Greece might have to default to break impasse – Goldman Sachs
Greece may need to default on its debt in order to break the deadlock between Athens and its creditors, according to Goldman Sachs, as the country scrambles to make €1.6bn (£1.15bn) of debt repayments this month.
Huw Pill, Goldman’s chief European economist, warned that Greece could not “have their cake and eat it”, with Greek citizens ultimately facing the “hard choice” of a euro exit or continuation of severe austerity if it wanted to remain part of the single currency.
Mr Pill said in a note on Monday that the cash-strapped government was running out of funds to pay creditors and its civil servants. The country must pay back €304m to the International Monetary Fund on June 5.
“With liquidity slowly draining from Greece, missed payments on external obligations are possible or even likely,” he said. “In such circumstances, the Greek sovereign will sooner or later (and probably sooner) enter technical default.
“Not only is it possible that we may need to see sovereign technical default and/or blocked Greek bank deposits in order to come to an accommodation between Greece and its official creditors, it may be necessary to do so in order to break the current impasse in negotiations.”
While a deal between Greece and its creditors is still Goldman’s “base case” scenario, Mr Pill said the current Greek government did not have a mandate to pull Greece out of the single currency bloc.
“The Greek government was elected on a platform that promised continued membership of the euro area but without the austerity, adjustment and oversight that came with the troika programme. Departing from this position requires a change in the political mandate on which the Greek government operates.
“Facing this reality, a new political mandate and thus a new government, a referendum or new elections will be required in Greece.”
Alexis Tsipras, Greece’s prime minister, has accused its creditors of issuing “absurd demands” in a clear sign that his government would not give in to pressure from its creditors to slash pensions and reverse a decision to raise the minimum wage.
It came as Michael Fuchs, the deputy chairman of Angela Merkel’s Social Democratic Germany said it was unacceptable for for Greece to blame the EU for the crisis in Greece. He added that the rest of Europe was now “much more prepared” for a Greek exit.
Mr Pill said if the government exhausted its current cash reserves, they may not be able to pay the salaries of Greek public workers, which was “likely to change dynamic of negotiations”.
“The intensification of the liquidity shortage will demonstrate that the platform on which the current Greek government was elected is simply infeasible,” said Mr Pill.
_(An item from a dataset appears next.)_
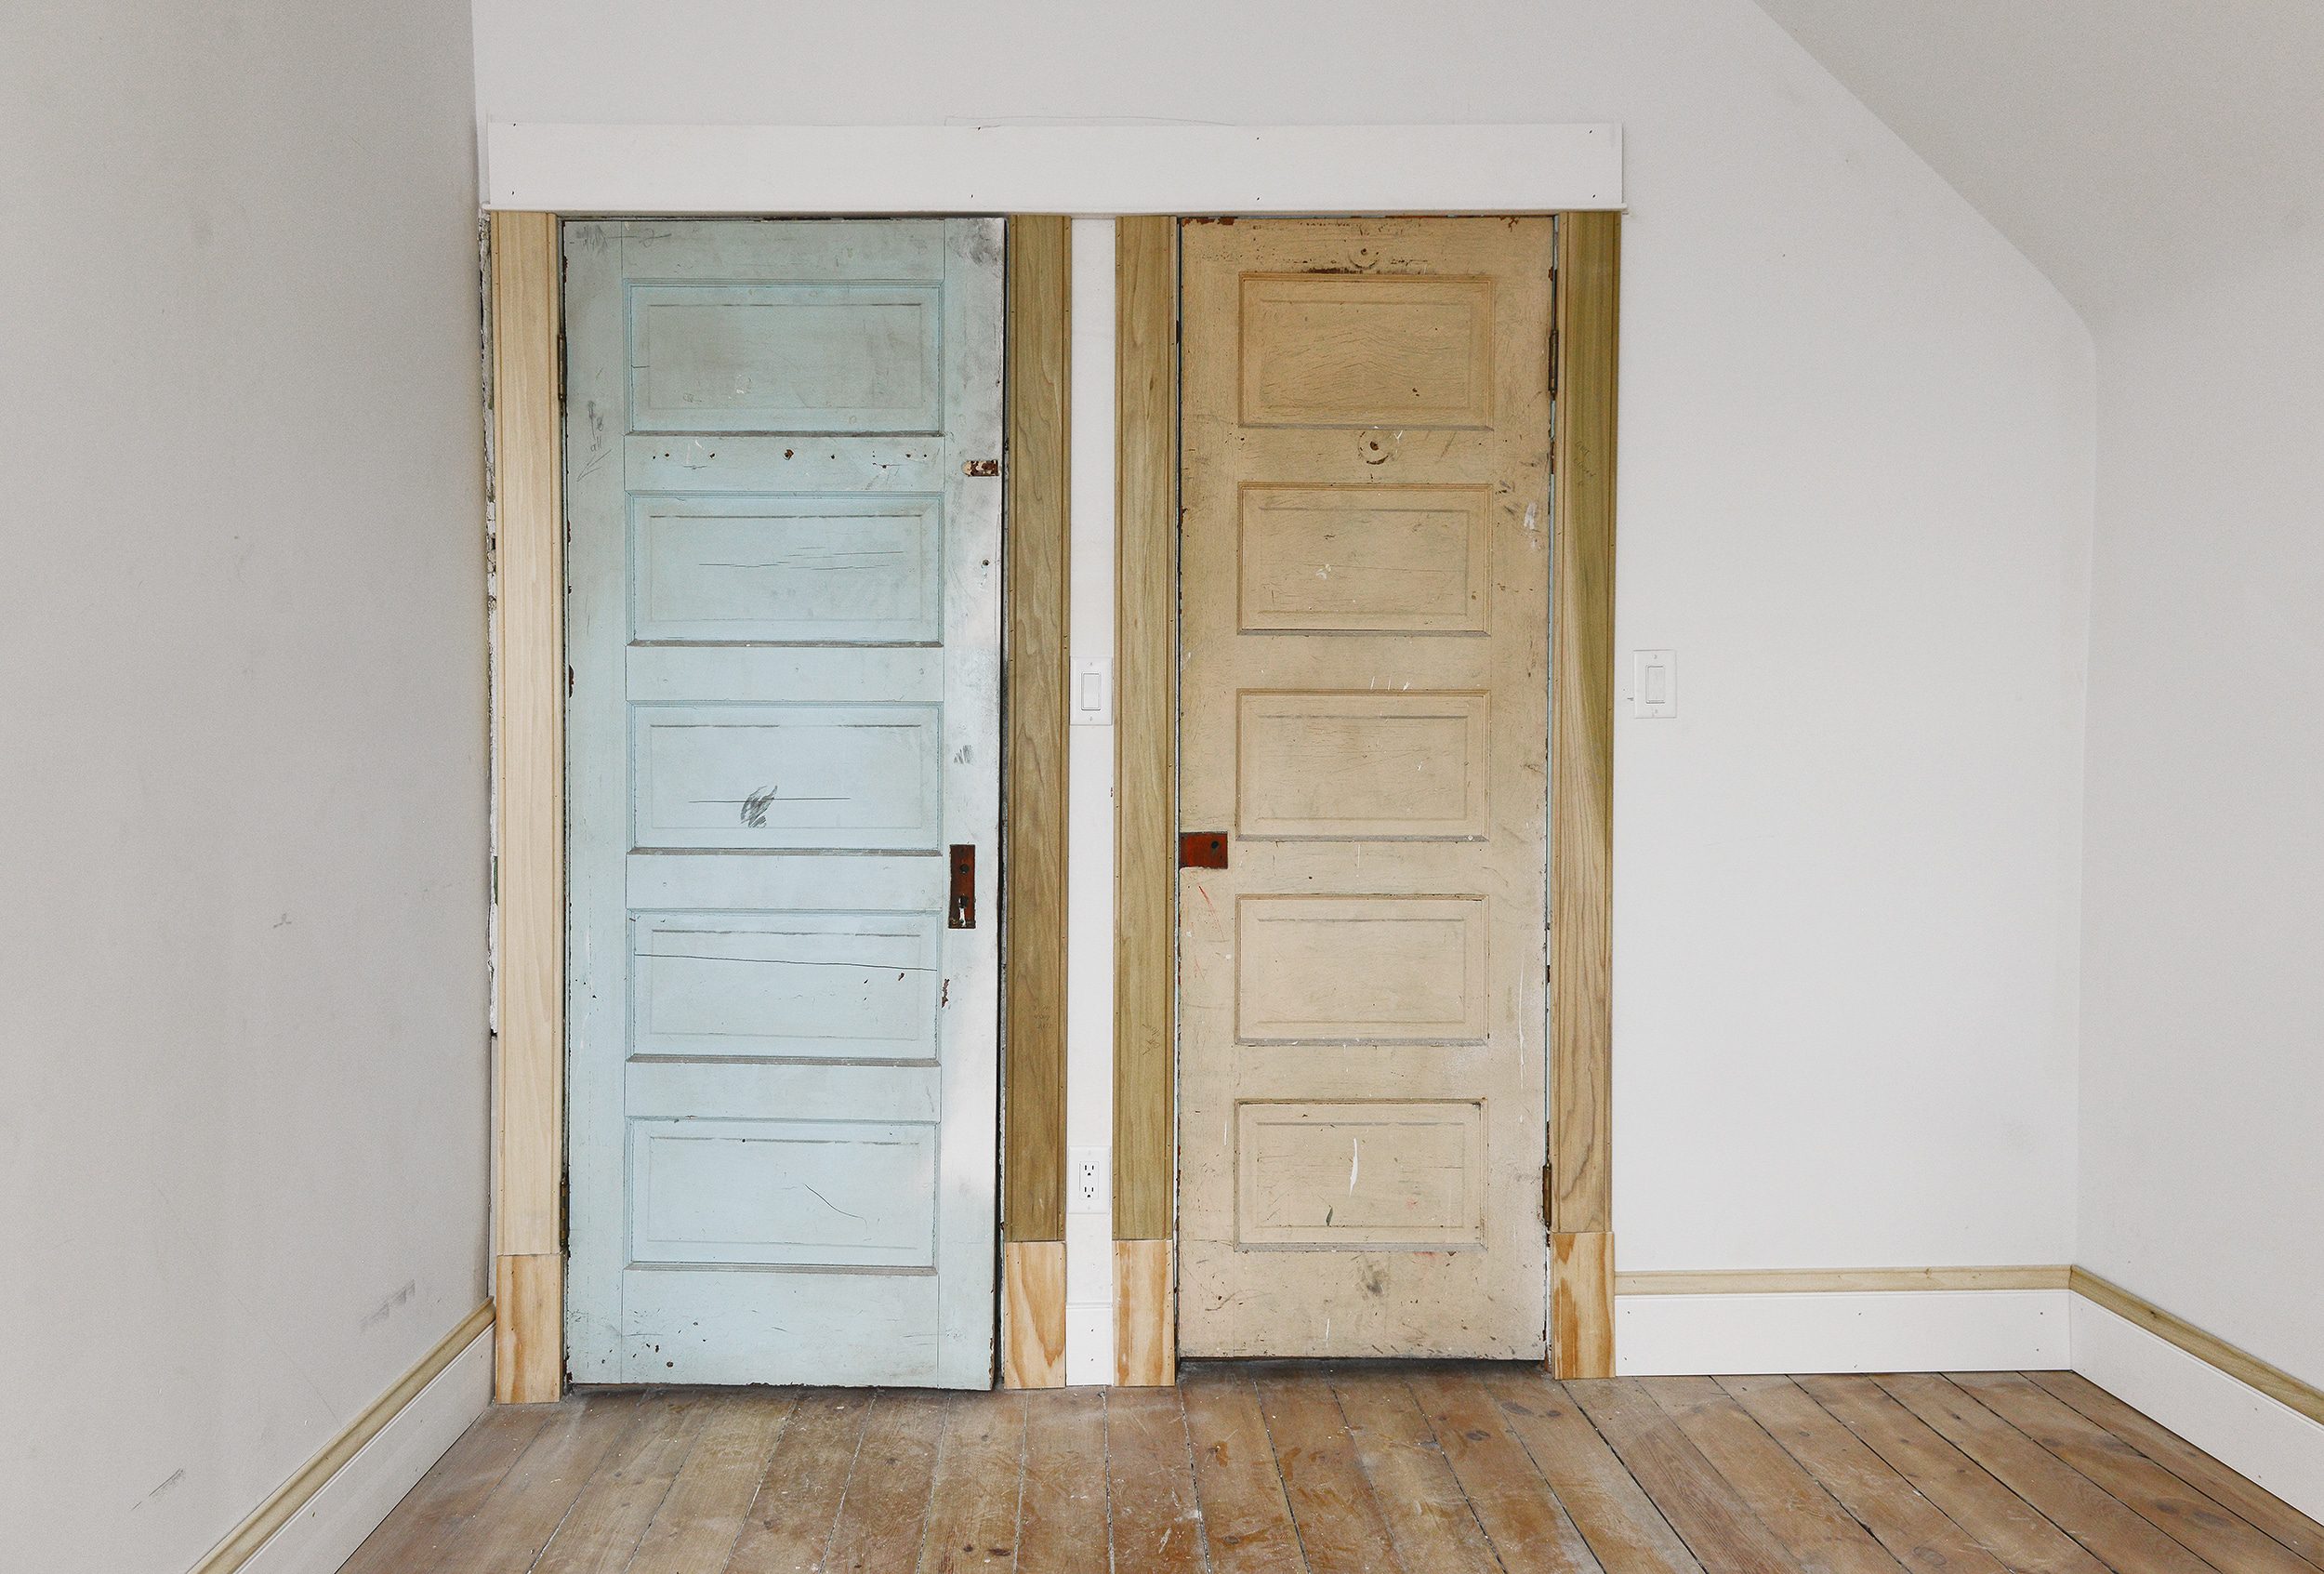 A vintage bedroom with 5 panel doors and new door casings // via Yellow Brick Home

However, Goldman said a default by the Greek government would not be “quite as black and white as it might initially appear”. He added that Europe could not simply force Greece out of the eurozone.
Mr Pill said: “By nature, sovereign defaults are political processes and, via grace periods and reviews, the rules and procedures governing payments to the IMF and European Central Bank embody a large element of discretion and flexibility. For example, the possibility of bundling June obligations to the IMF into a single endmonth payment has recently been entertained.
“More importantly, euro exit is a political decision. For sure, the Greek authorities could decide to exit in a unilateral manner. But the current Greek government has no mandate to do so: if it announced an intention to leave the euro area preemptively, in our view the government would likely fall. Moreover, there is no process for euro exit defined in the governing European treaties: the practical and legal challenges could not be resolved overnight.”